▸ WHAT THE EXERCISE ASKS
Reproduce all the data exactly, without pictures.

▸ DATA EXCERPT
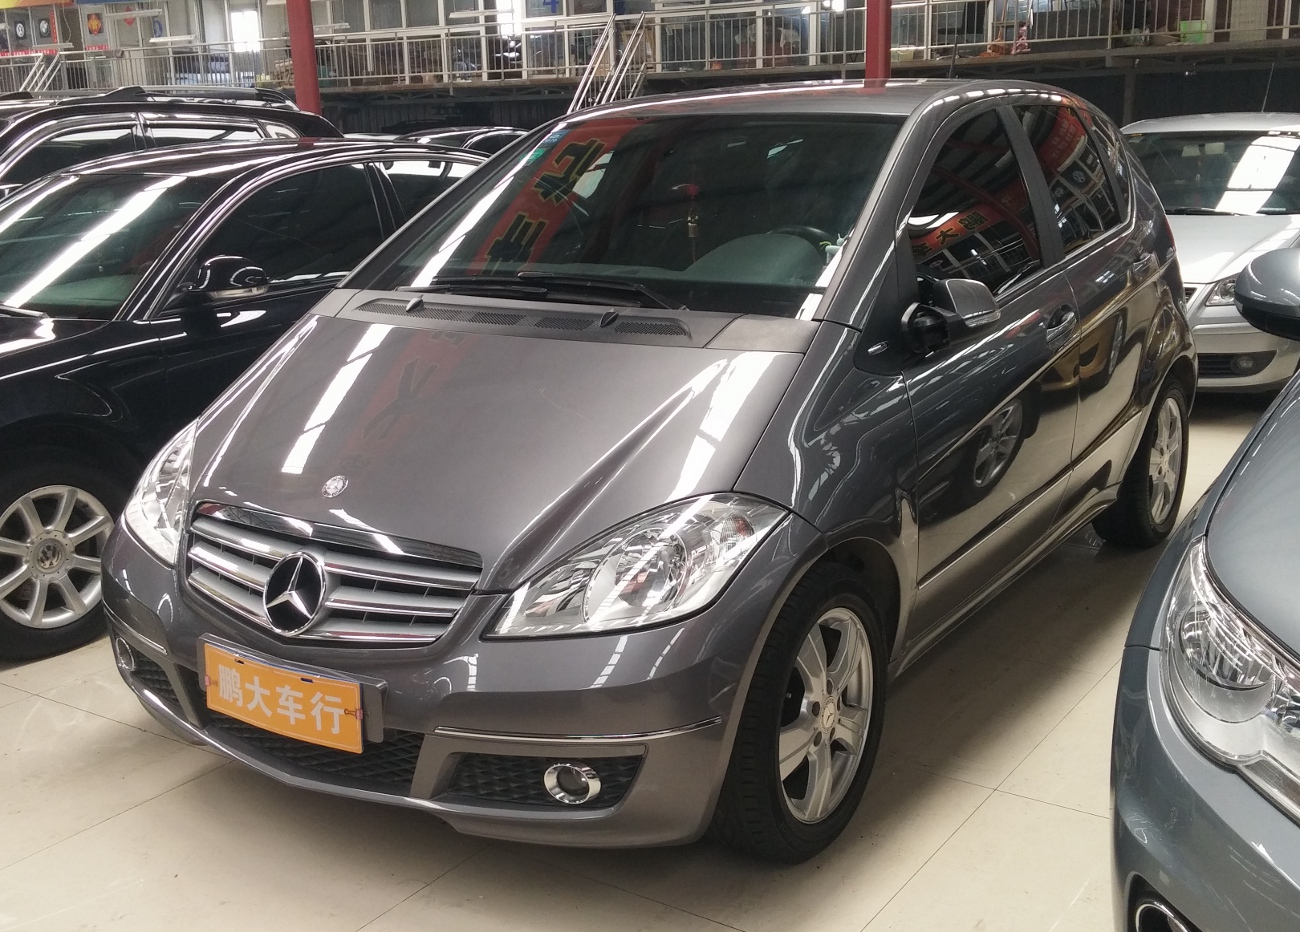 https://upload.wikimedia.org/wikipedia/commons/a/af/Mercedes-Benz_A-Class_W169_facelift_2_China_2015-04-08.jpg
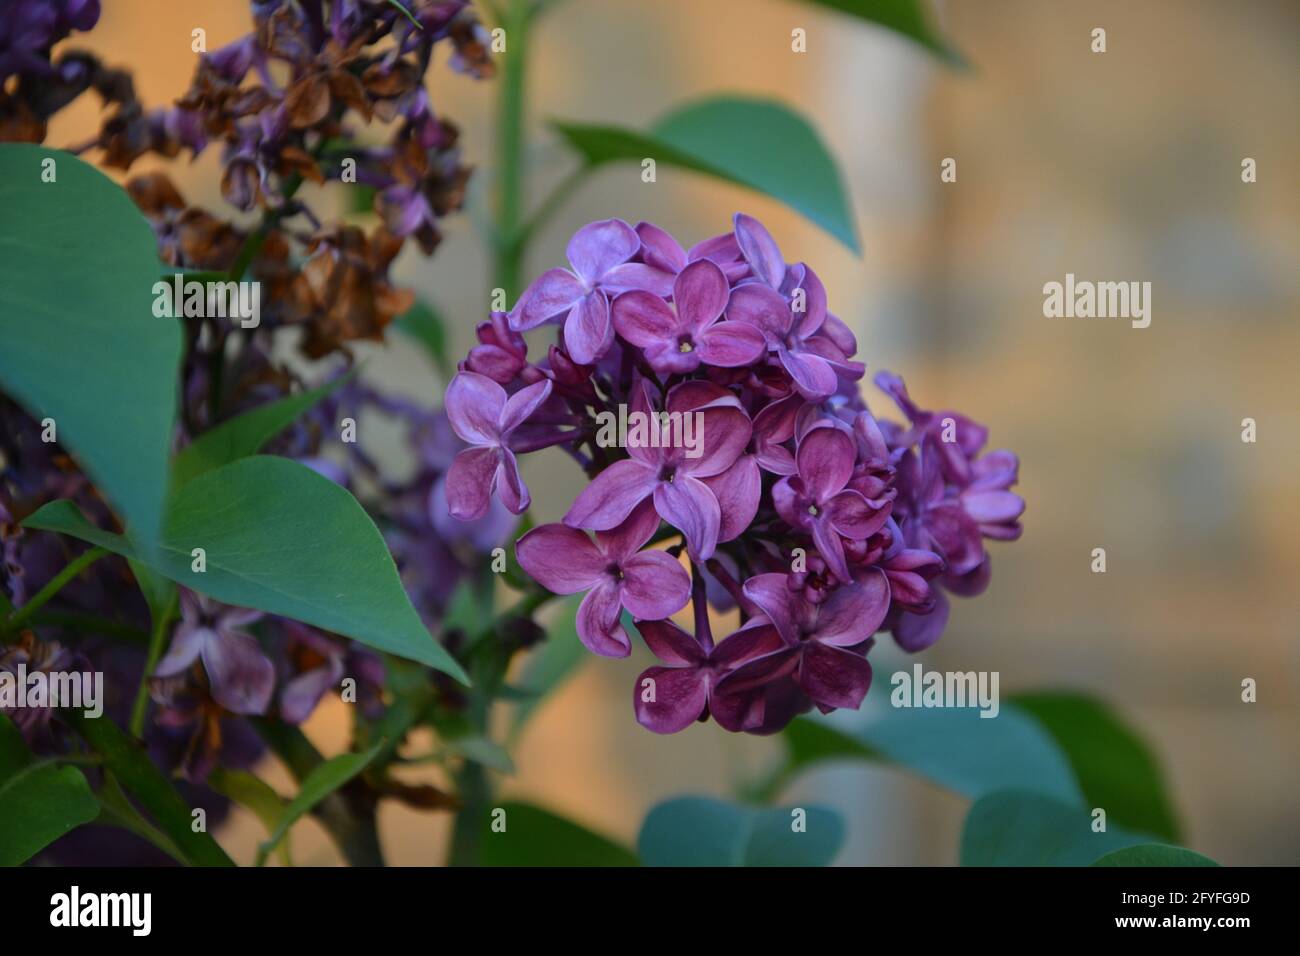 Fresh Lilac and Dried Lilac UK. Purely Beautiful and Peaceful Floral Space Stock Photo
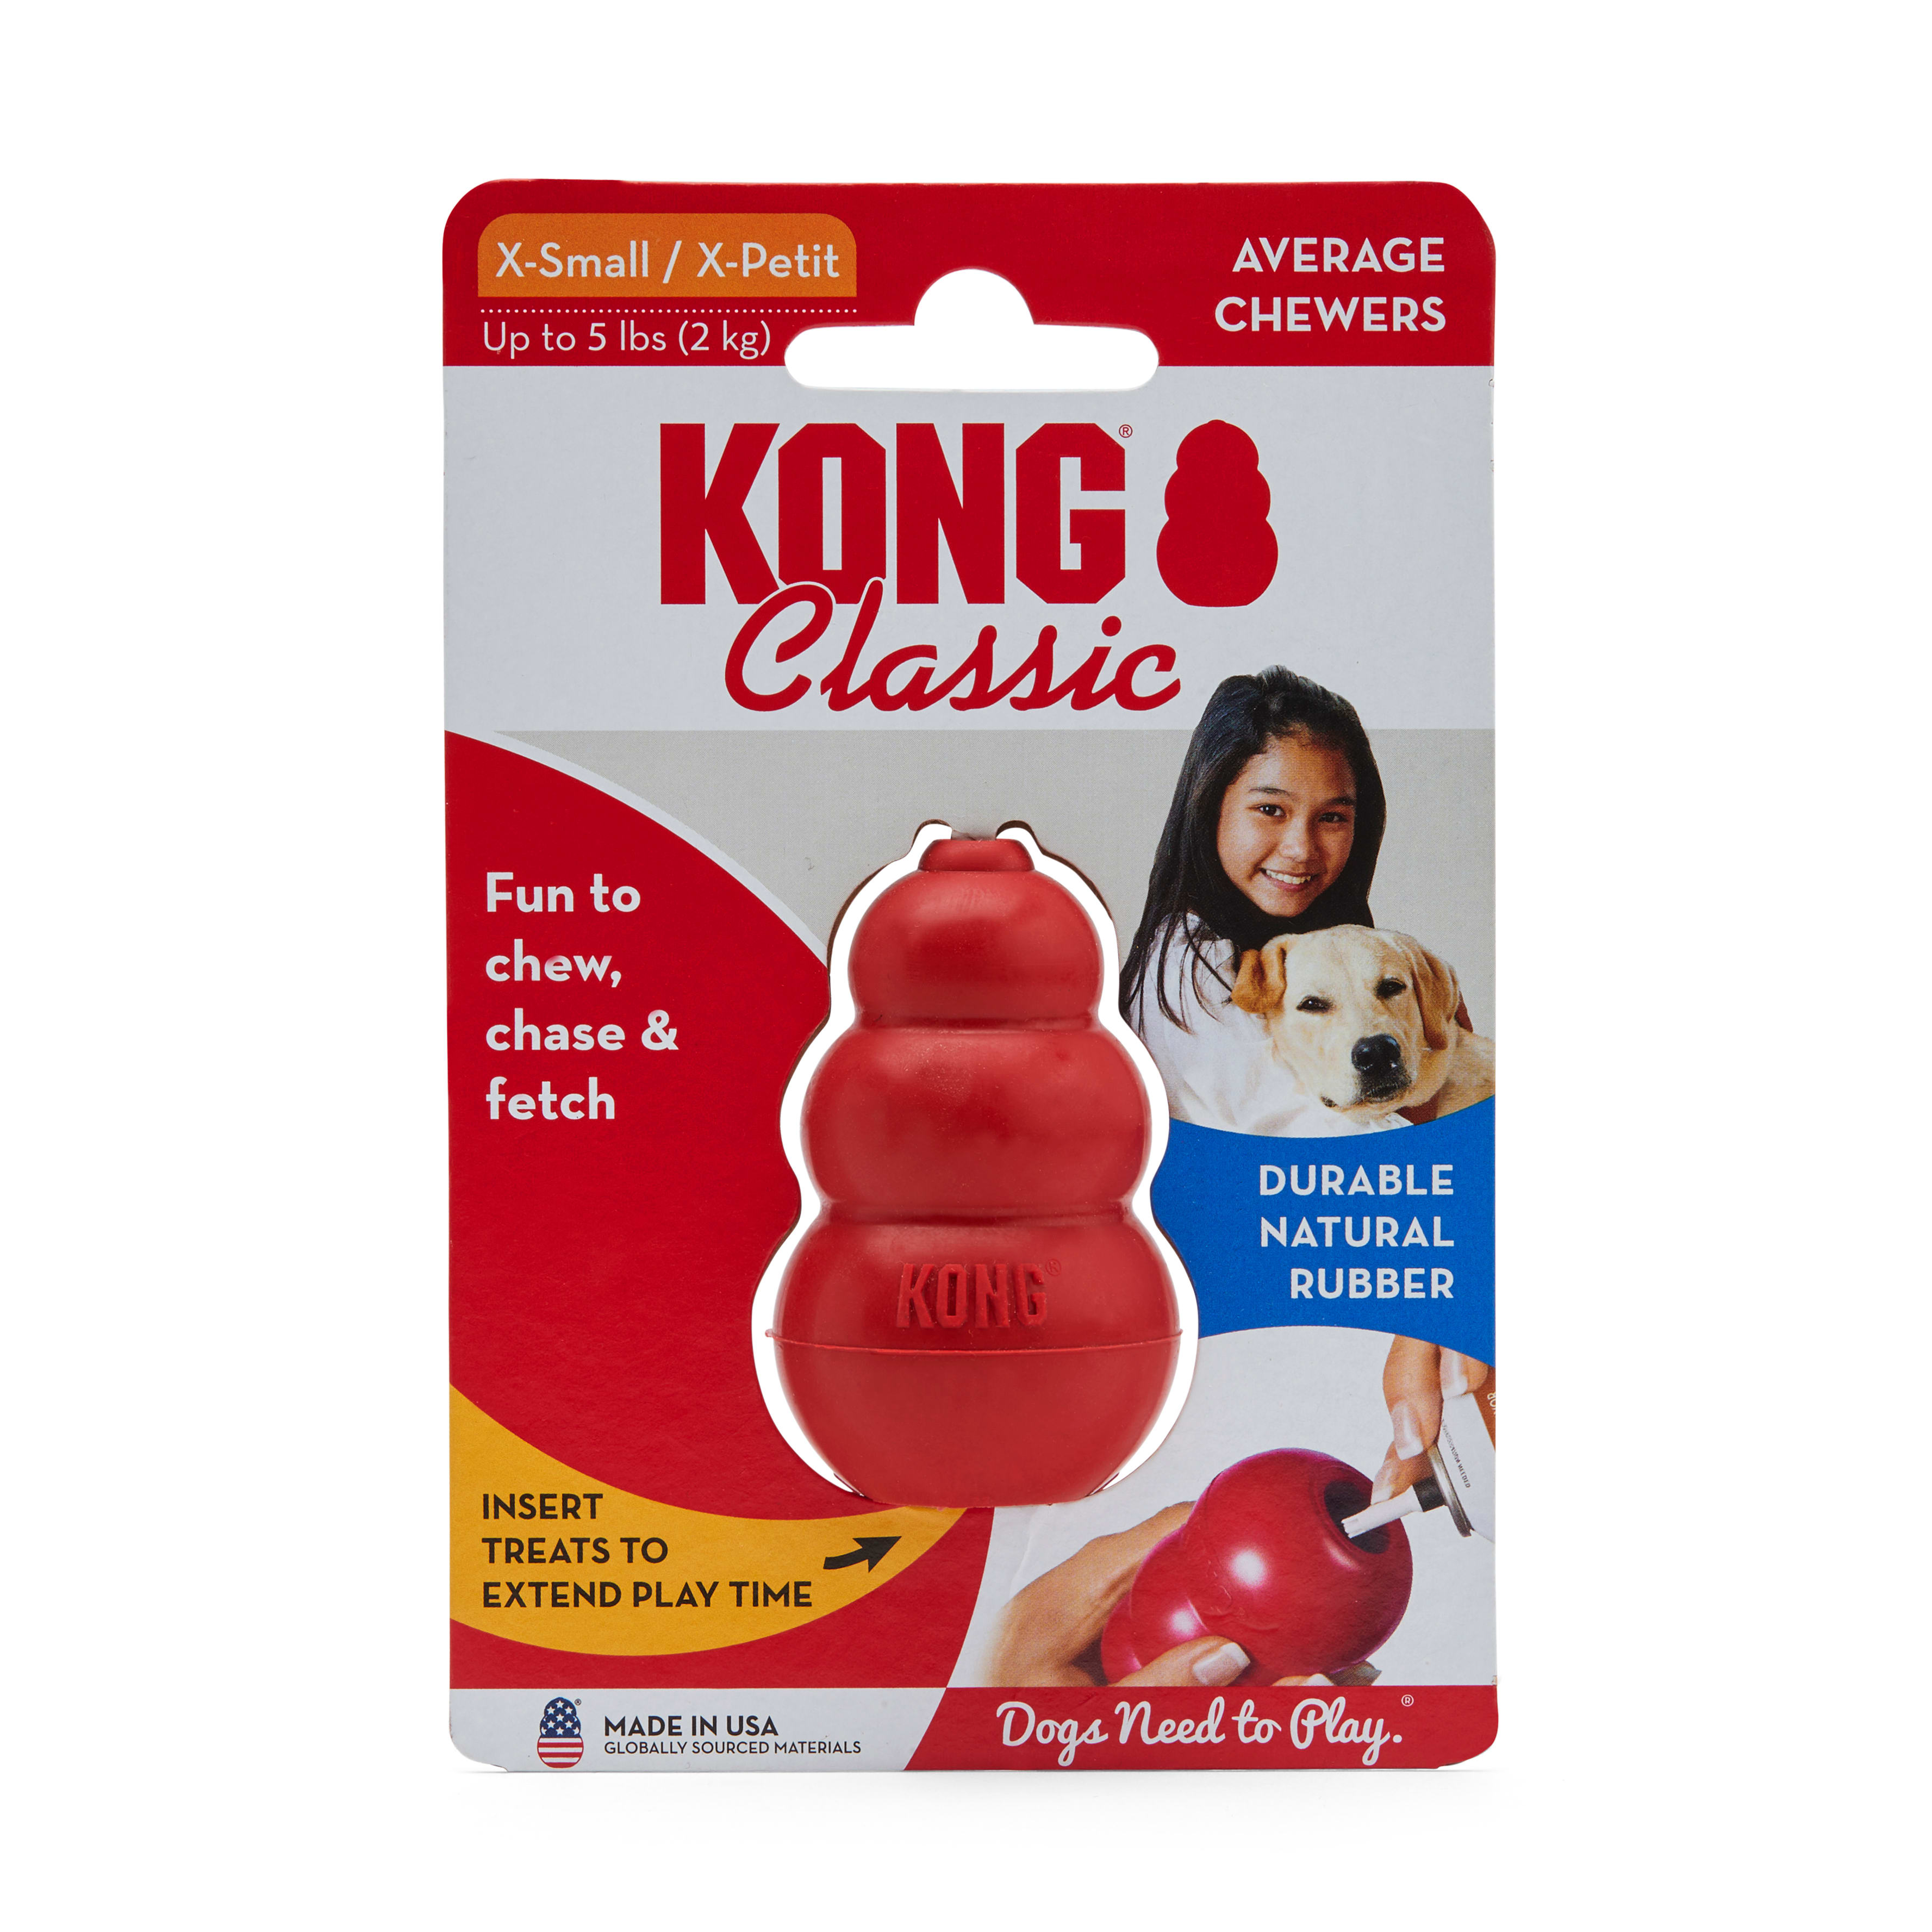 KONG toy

▸ OUTPUT OF THE TASK
 https://upload.wikimedia.org/wikipedia/commons/a/af/Mercedes-Benz_A-Class_W169_facelift_2_China_2015-04-08.jpg
 Fresh Lilac and Dried Lilac UK. Purely Beautiful and Peaceful Floral Space Stock Photo
 KONG toy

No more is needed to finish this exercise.